Джон Брэдшоу обозрел шестьдесят восемь членов суда, увидел с полдюжины нерешительных лиц, дюжину тех, кто явно желал бы оказаться где-нибудь в другом месте, пару десятков иных, кого понадобится заново убеждать в правильности происходящего, и объявил, что суд удаляется на совещание.

Король вышел первым. Походка его была легка, голова высоко поднята, слабая улыбка триумфатора играла на лице. За ним, тихо переговариваясь друг с другом, потянулись члены суда, явно выбитые из колеи этим последним предложением. Когда в дальнем конце зала суда распахнули двойную дверь, в помещение ворвался поток свежего холодного воздуха, и часть зевак ушла.

Джон и Александр остались на своих местах.

— Я не уйду, — сказал Джон. — Клянусь, он избегнет палача. Они вернутся с готовым соглашением. Ему снова удалось сделать это.

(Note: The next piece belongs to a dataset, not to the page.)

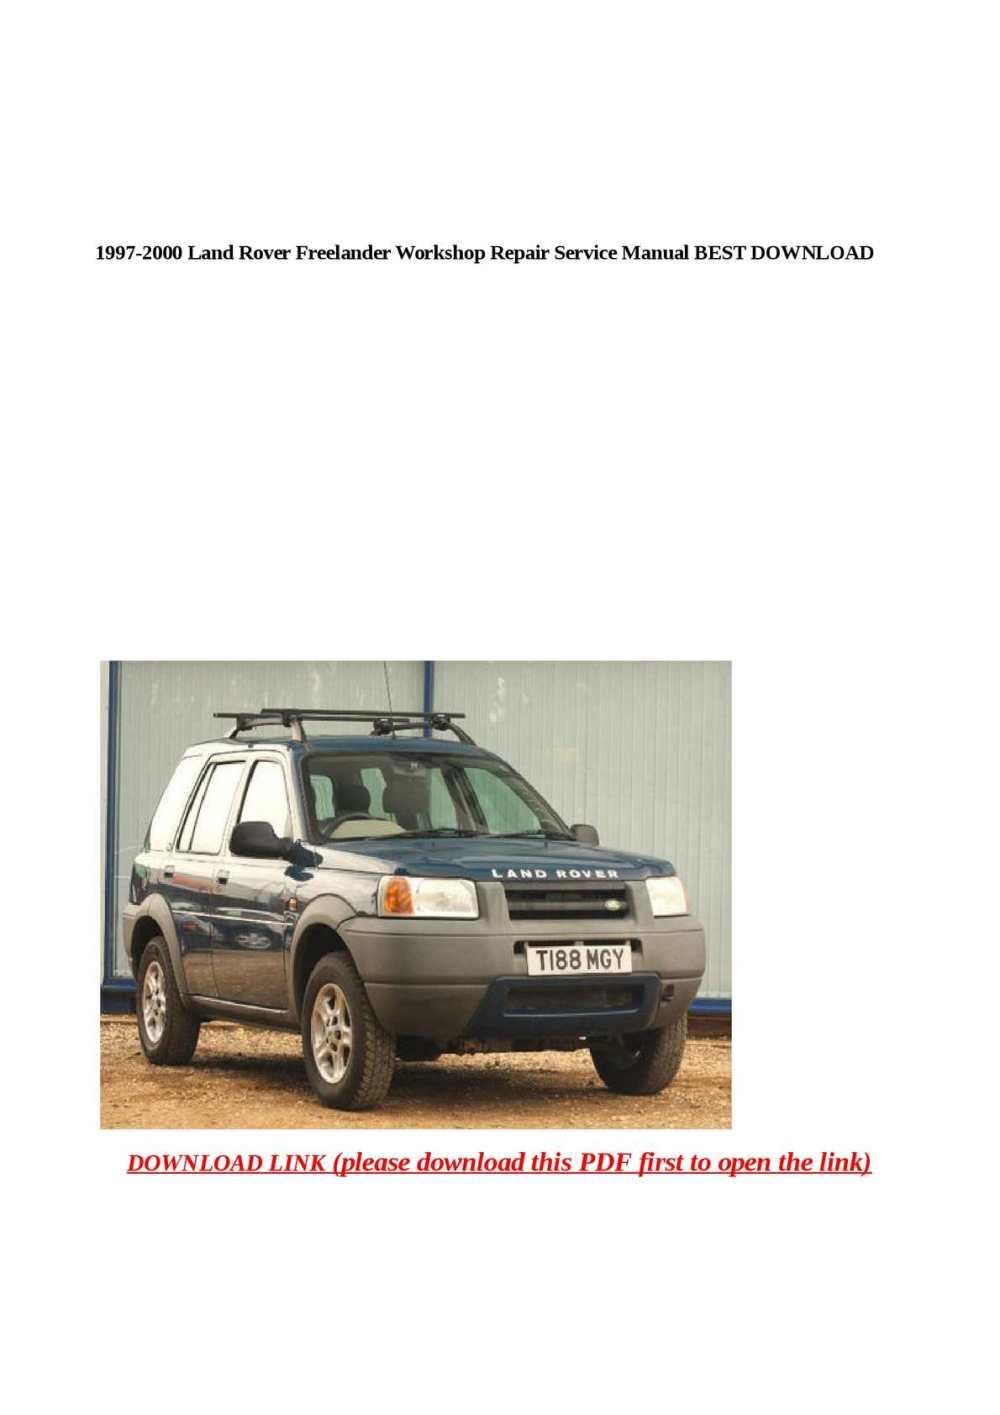 medium resolution of calam o 1997 2000 land rover freelander workshop repair service manual best download

— Спорить не буду, — ответил Александр. — Он легко может проделать это снова. Члены суда кажутся неуверенными, Кромвель выглядит так, будто готов поубивать их всех. Он обратил их в бегство.

— Как ты думаешь, что они сейчас делают? — спросил Джон.

— Надеюсь, Кромвель не будет зачищать суд,[36] — задумчиво проговорил Александр. — А то вдруг решит избавиться от Даунса и его сторонников? Он ведь уже проделал такое с парламентом, почему бы не повторить такое и здесь?

Джон уже готов был ответить, как двери в конце зала захлопнулись — обычный сигнал к возобновлению работы суда. Затем вошел слегка улыбающийся король с видом человека, играющего роль, абсурдно легкую для него, чтобы принимать ее всерьез, и уселся в свое красное кресло. Затем появились судьи. Даунса среди них не было.

— Его здесь нет, — быстро сказал Александр. — Это плохо.

Лицо Джона Брэдшоу было таким же мрачным, как и у Кромвеля. Он объявил, что суд не принимает более никаких отлагательств. Созыва палаты лордов и палаты общин не будет. Суд приступит к вынесению приговора.

— Но небольшая отсрочка на день или два может принести королевству мир, — прервал его Карл.

— Нет, — сказал Брэдшоу. — Мы не будем откладывать решение.

— Если вы выслушаете меня, я смогу дать удовлетворительные ответы на все ваши вопросы здесь и удовлетворить пожелания моего народа после, — любезным тоном сказал король.

— Нет, — отрезал Брэдшоу. — Переходим к вынесению приговора.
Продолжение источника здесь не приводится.